Analytica 2008 looks to future of nano-analysis

The prefix 'nano' comes from the Greek word 'nanos' (dwarf), so as terminology goes, it is an understatement: A nanometer is actually one billionth of a metre.

Nanotechnology, on the other hand, is a technique used to produce or manipulate structures of that size.

If one were to enlarge a small child to the same order of magnitude, ie, a billion times, then it could reach the moon with outstretched arms and hold it between its fingers like a tiny pearl.

According to international analysts, nanotechnology accounts for global market volume in the double-digit billion dollar range.

Like other sectors, analysis profits from this boom considerably: on the one hand, nanotechnology has several potential new applications and thus growth opportunities in the analysis sector.

The industry is on the verge of a quantum leap in development because many options are still on the horizon or considered visions at their current stage.

On the other hand, analysis methods are needed that will allow the industry to penetrate the various dimensions of nanotechnology in a comprehensive and meaningful manner.

New developments are imminent in this case, as well.

Nano-analysis: a new interdisciplinary technology.

Consequently, the development of new or optimised analysis techniques in the nano-range plays an extremely important role when it comes to progress in the future discipline of nanotechnology as a whole.

The reason is obvious: producing nano-scale structures would simply be unthinkable without appropriate analysis techniques.

The techniques and equipment used in nano-analysis serve as a sort of eye for viewing nanostructures and as a finger for touching the structures and making specific alternations.

At the same time, nano-analysis is also an interdisciplinary technology that is used to perform important service functions in other technological sectors.

While nano-analysis of inorganic samples such as semiconductors is already established, ongoing development is still needed to analyze biological systems.

Nano opening up new markets for analysis.

According to a study by Agit (Aachen Society for Innovation and Technology Transfer) and the Aachen Competence Center for Medical Technology, the convergence of nanotechnology and analysis is giving rise to entirely new markets.

Examples include diagnostics and medical technology - among other things, when it comes to new contrast agents or medicating patients, minute quantities of active ingredients can be admitted using coated nano-particles.

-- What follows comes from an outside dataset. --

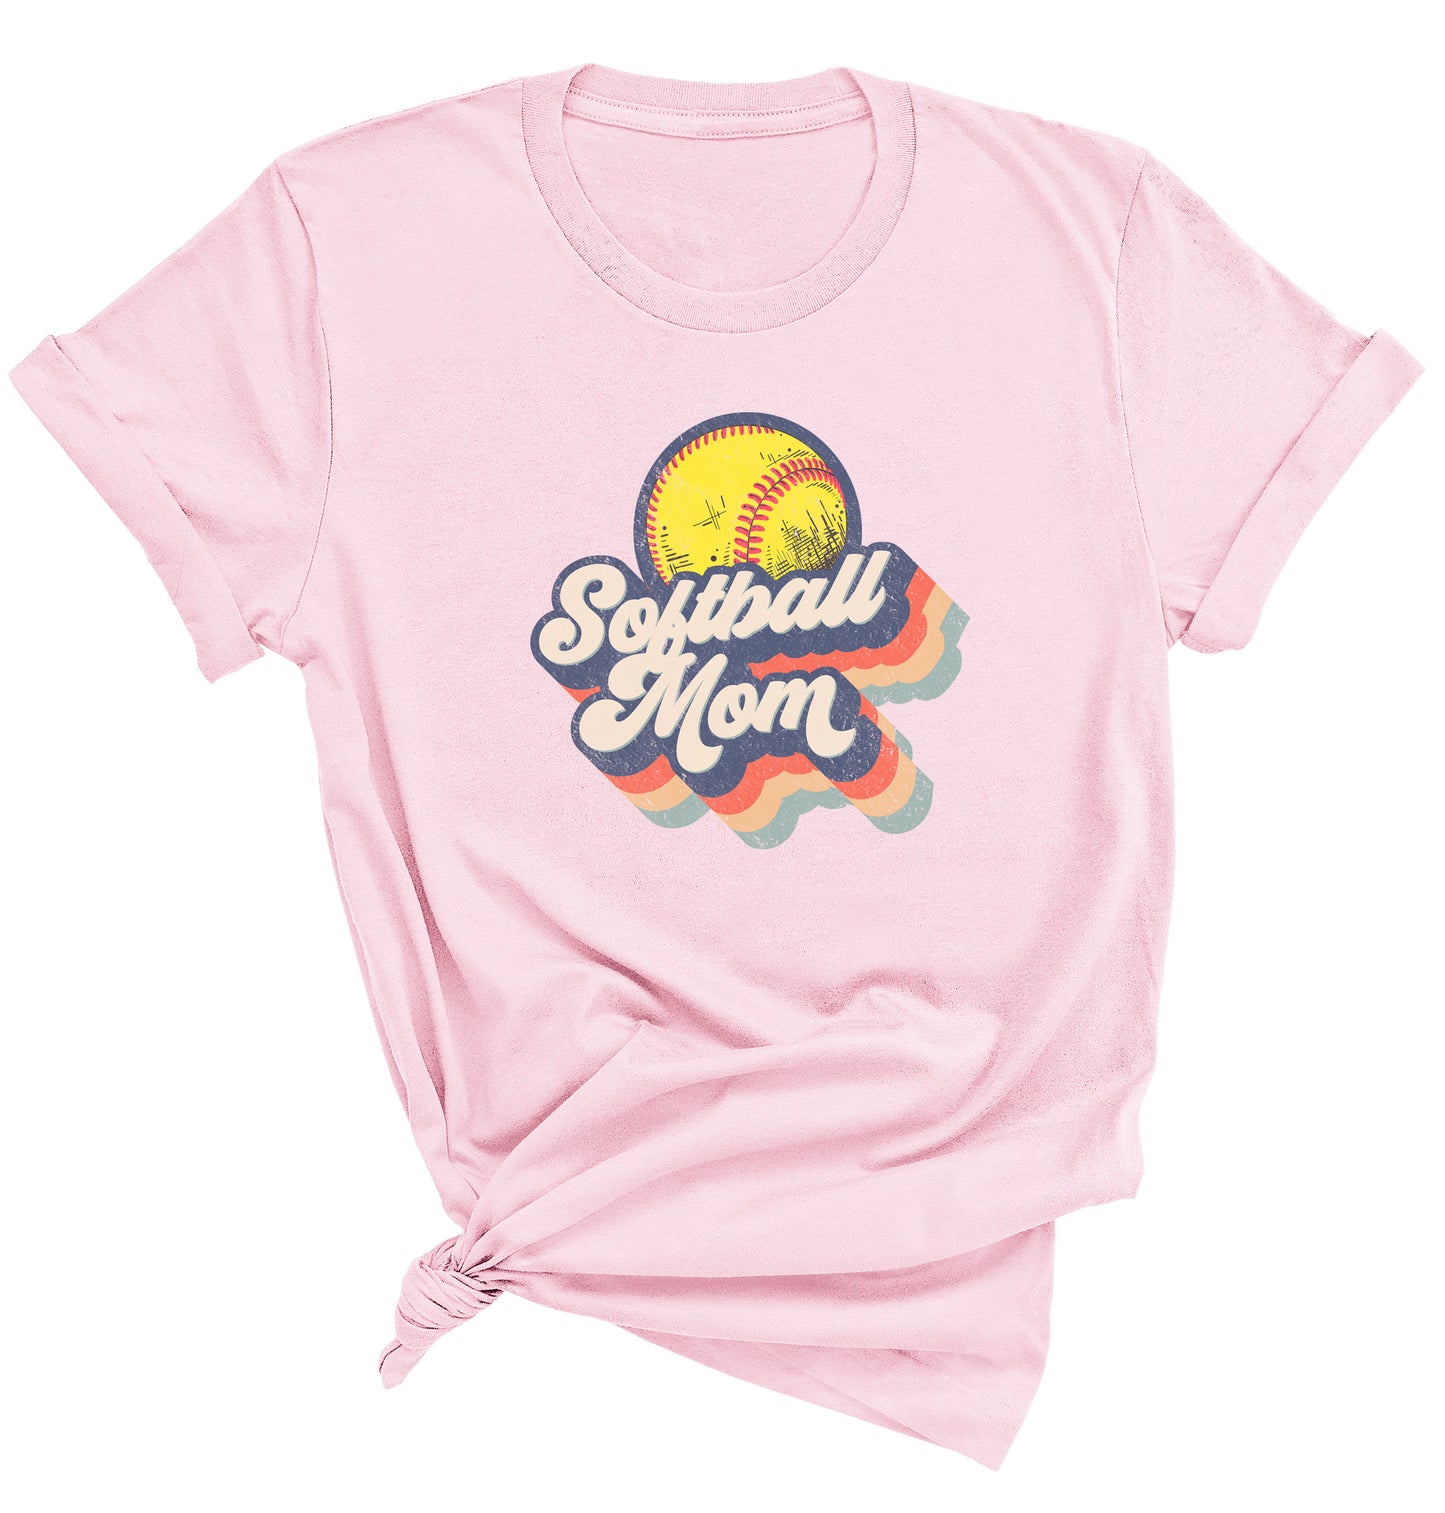 Retro Softball Mom Tee

The latest transmission-electron microscopes (TEM) are needed to take analysis measurements in the nanometer range.

When it comes to heavy atoms with high electron densities, these devices provide good contrasts and good images if so-called HAADF scanning methods are use (HAADF stands for high-angle annular dark field).

This is helpful when analysing nanoparticle systems such as catalysts.

Catalysts frequently consist of nano-scale metal particles that are applied to oxidized substrates.

In many cases, two metals are used, ie, one to control the activity, the other to control selectivity.

To ensure that the catalyst is both active and selective, both metals must be present in the nanometer-sized metal particle, and in a predefined quantity.

If they are, it can be verified using the ring-shaped HAADF scanning method in the TEM.

When using this technique, an electron beam just 0.5 to 1nanometer wide raster-scans the sample and measures the electrons that are scattered at a wide angle behind it using a ring-shaped detector.

The advantages of modern nana-analysis are also noticeable when analysing nano-structured bulk materials.

The properties of polymer fibres depend to a great extent on their structure.

However, when it comes to these materials in particular, it is difficult to get information about their actual state because their structure can change considerably during processing, such as in the extruder.

But now, wide-angle X-ray scattering (Waxs) makes it possible to analyse these fibres without destroying them just as they come out of the extruder.

The principle behind this technique is based on a correlation between the scattering of X-rays and materials that have a more or less long-range order.

Nano-antennae revolutionising diagnostics.

The latest work on the plasmonic effects of nanoparticles is nothing short of spectacular.

Plasmons are electromagnetic waves that spread out along metallic surfaces and bond with the joint surface between a thin metal and a polymer coating.

Appropriate nanostructures make it possible to conduct and process optical signals.

At the Institute for Photonic Technologies at Friedrich Schiller University in Jena, Germany, a team of scientists has found a way to use nano-particles from gold as markings for bioanalysis.

These particles permit optical detection which, technically, is much easier than fluorescence techniques and significantly improves sensitivity during gravimetric detection.

Other promising research and development activities deal with nano-antennas and compact nano-lasers.

Nano-antennas can be used to considerably improve the accuracy of image-producing techniques in medical diagnostics and of instruments used to identify chemical and biological agents.

Nano-antennas use the absorption induced during plasmon resonance to inject energy into the particle using laser pulses.

The procedure itself is particularly gentle and does not damage the surrounding area.

Because of the effect of the nano-antenna, once it is in the vicinity, resolution is determined by the size of the particle and can thus be considerably lower than the wavelength of the light being used.